**Your objective**
All lines from the one containing "LED Dimmable A60 7.5 Watt Light Bulbs" down to the one containing "04 Limited Sazabys Cavu", both ends included, are to be given again exactly; omit the rest of the listing below.

**Input**
[Start of Attachment]
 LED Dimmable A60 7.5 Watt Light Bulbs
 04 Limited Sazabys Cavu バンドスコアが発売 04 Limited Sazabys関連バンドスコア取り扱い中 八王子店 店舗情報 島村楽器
[End of Attachment]
[Start of Attachment]
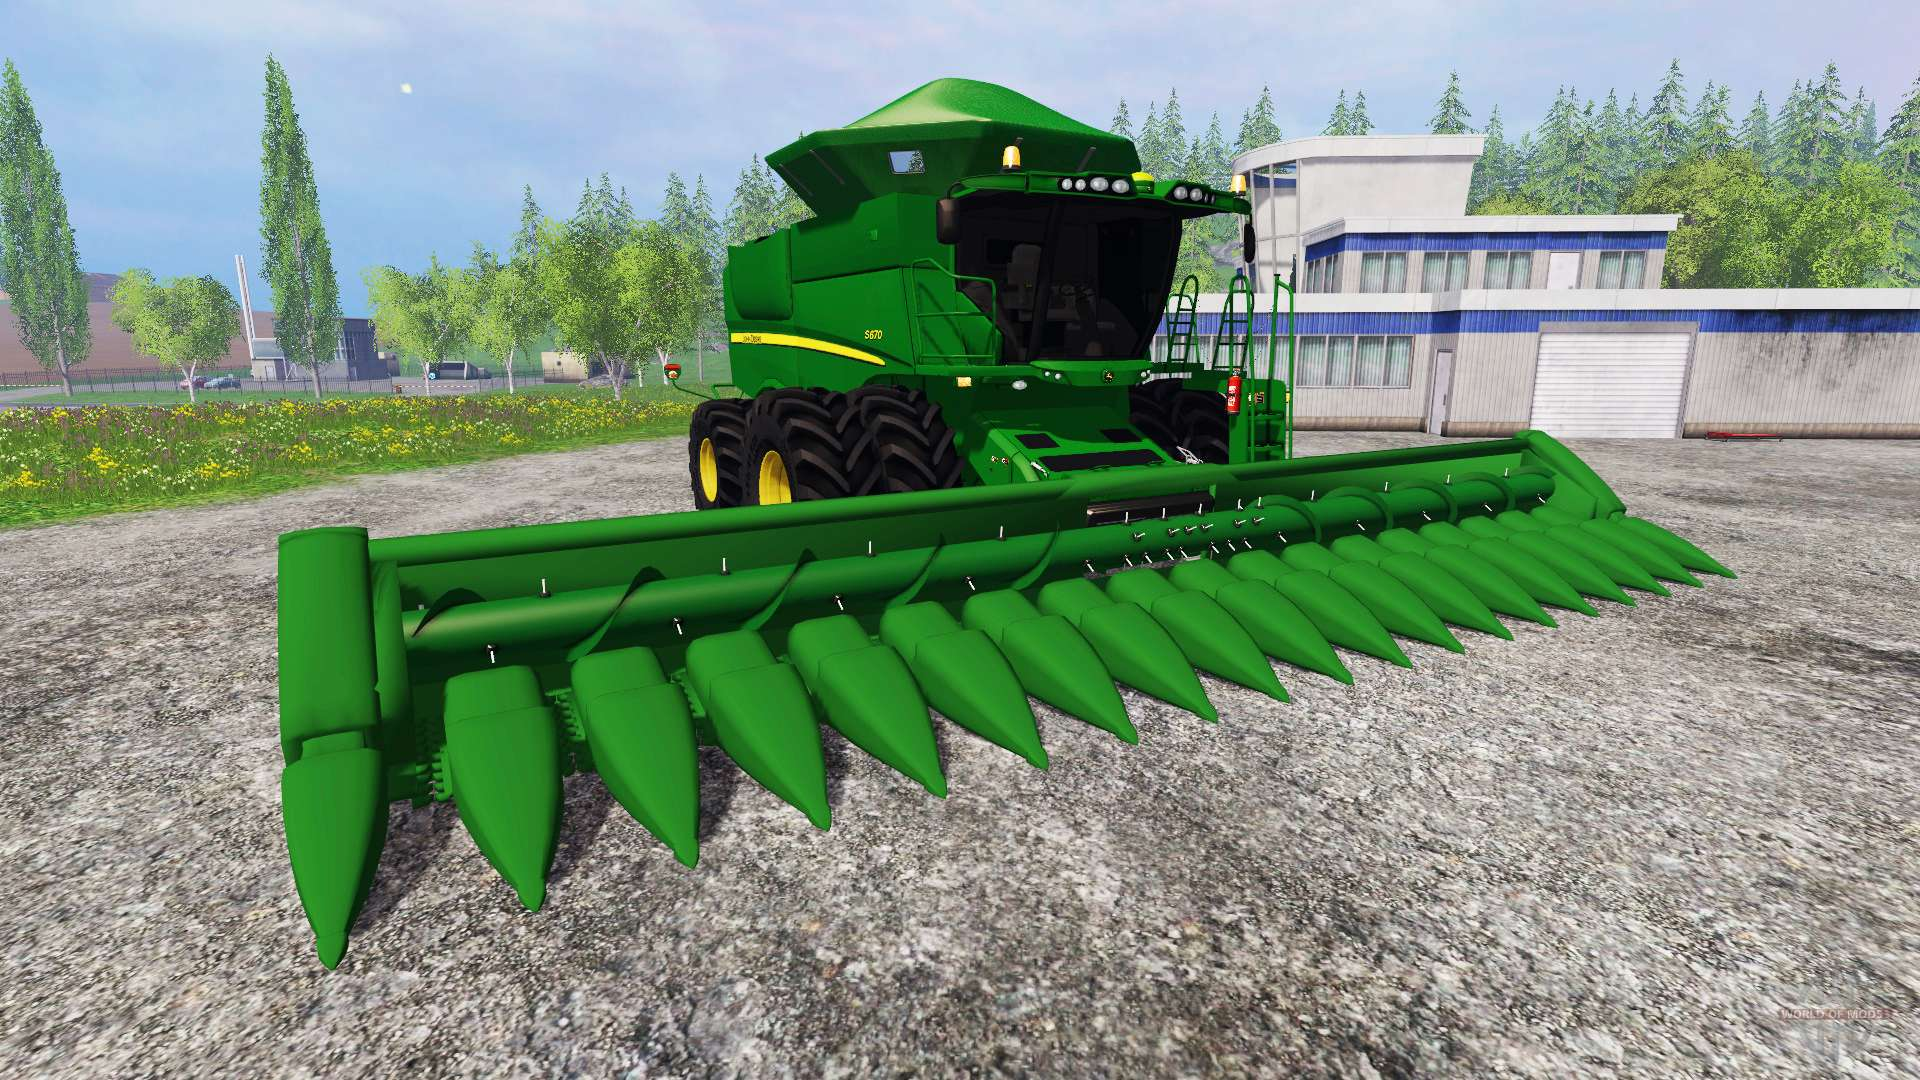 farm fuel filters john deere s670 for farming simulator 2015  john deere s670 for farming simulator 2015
[End of Attachment]
[Start of Attachment]
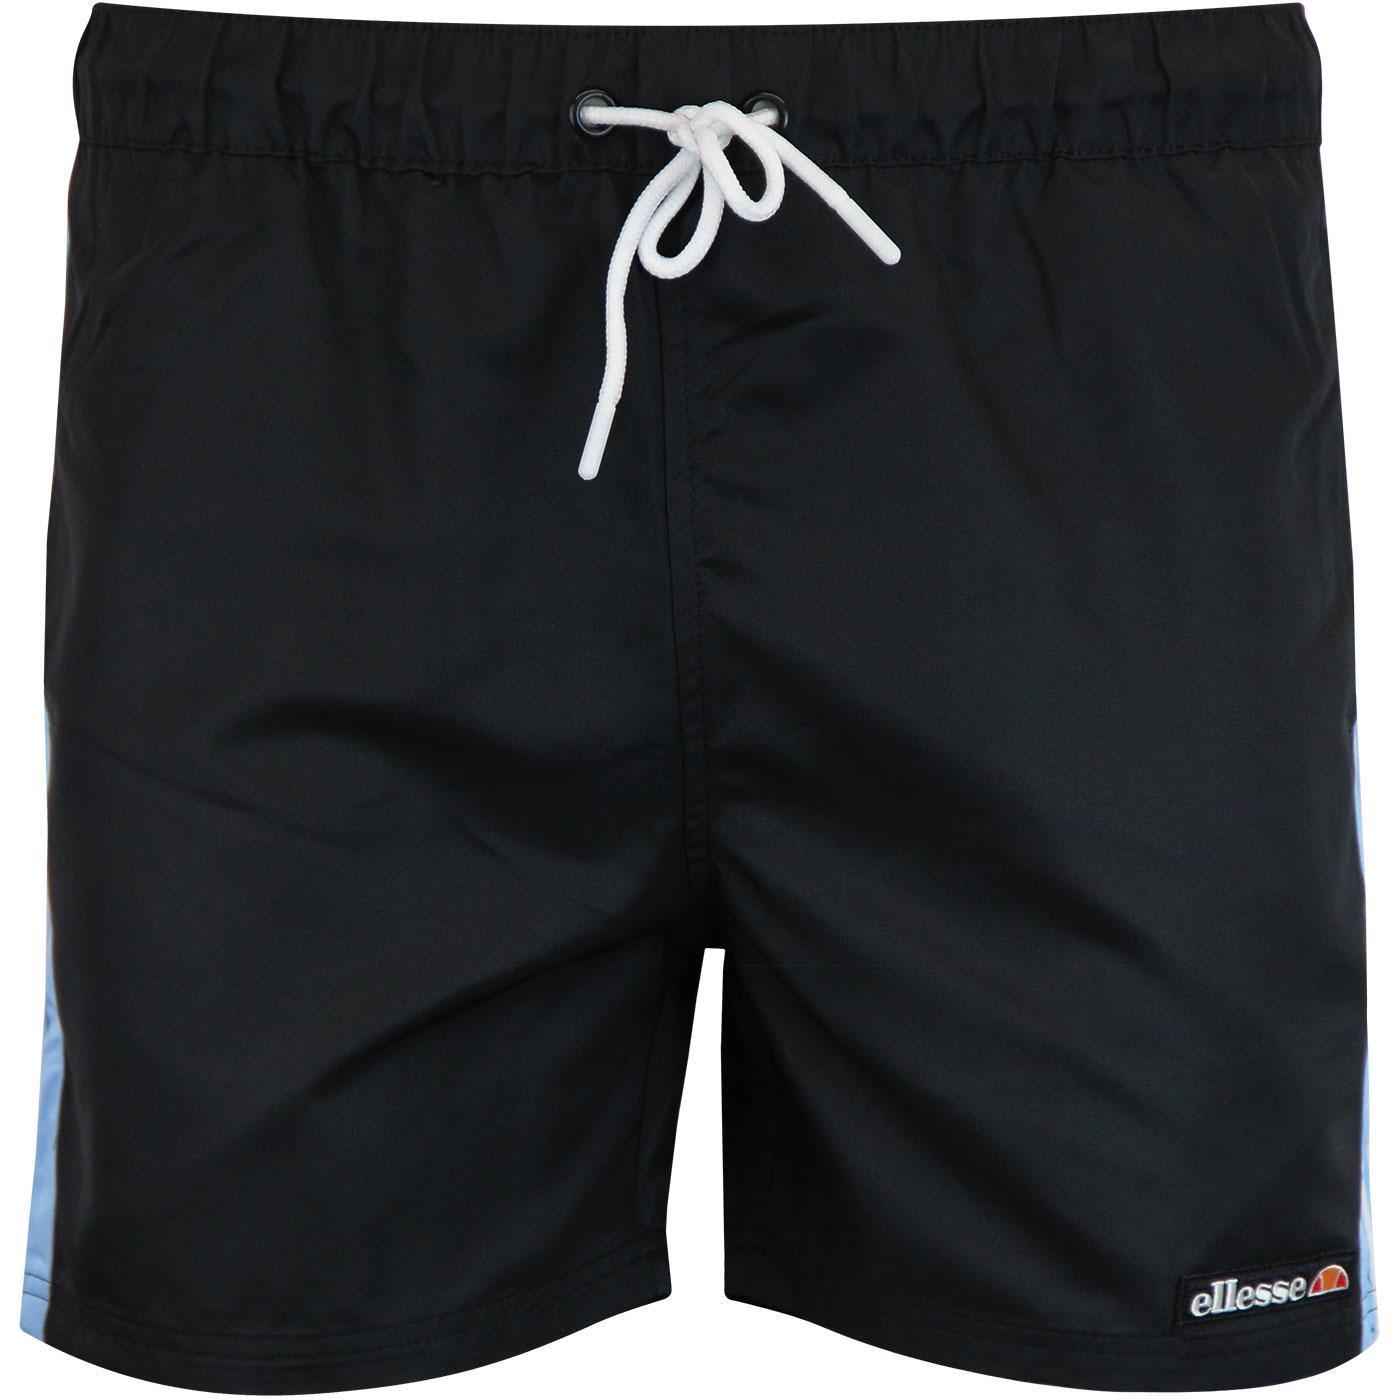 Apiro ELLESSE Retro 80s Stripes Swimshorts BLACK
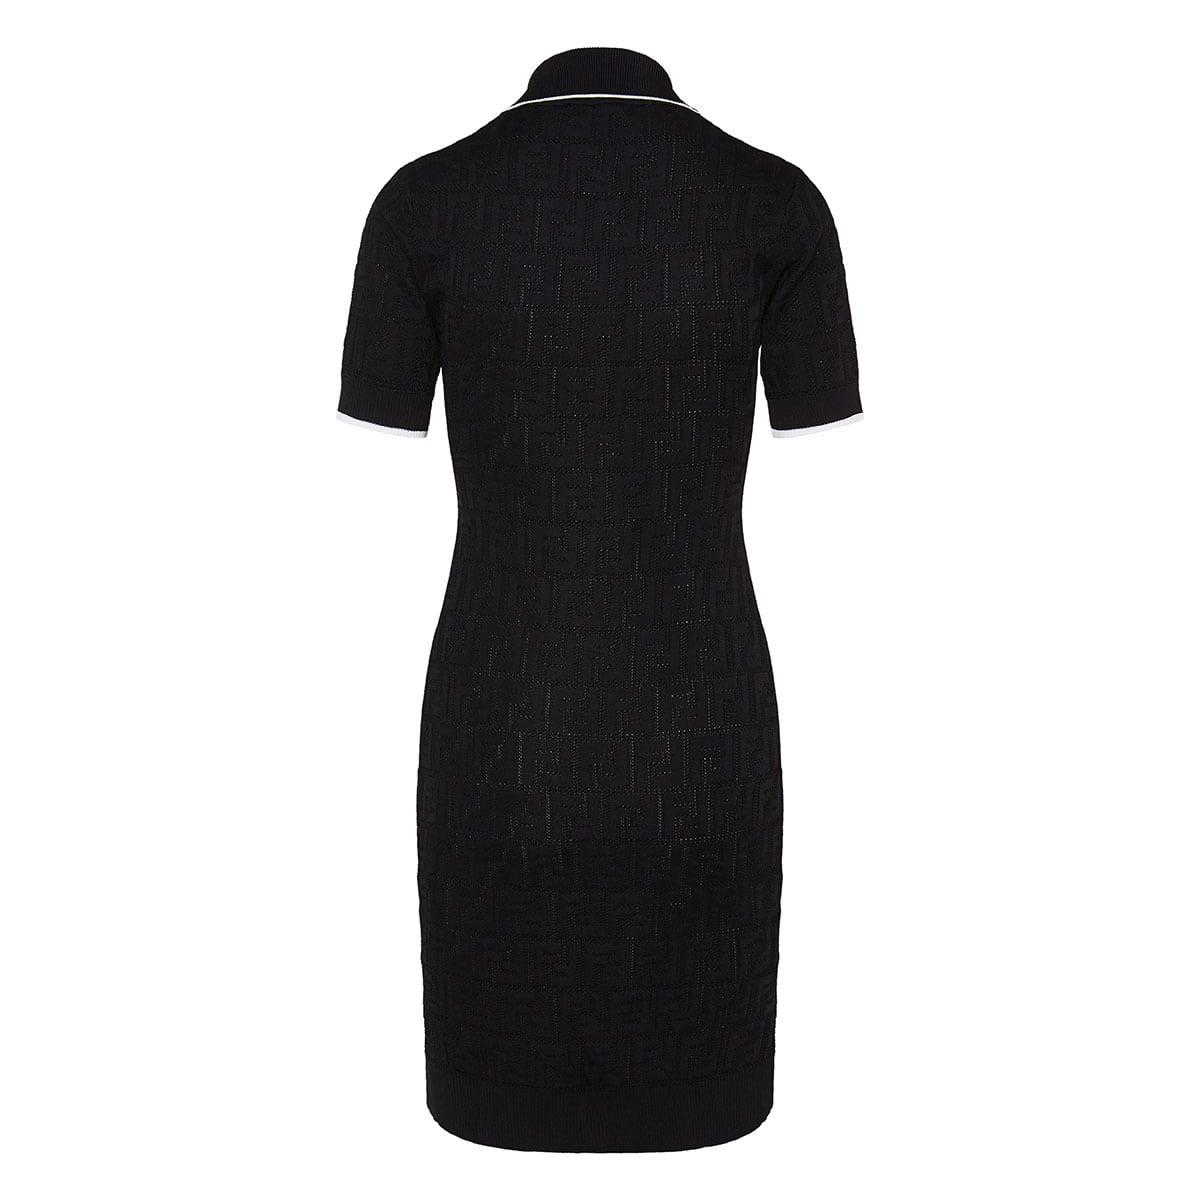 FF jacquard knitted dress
[End of Attachment]
**Answer box**
 LED Dimmable A60 7.5 Watt Light Bulbs
 04 Limited Sazabys Cavu バンドスコアが発売 04 Limited Sazabys関連バンドスコア取り扱い中 八王子店 店舗情報 島村楽器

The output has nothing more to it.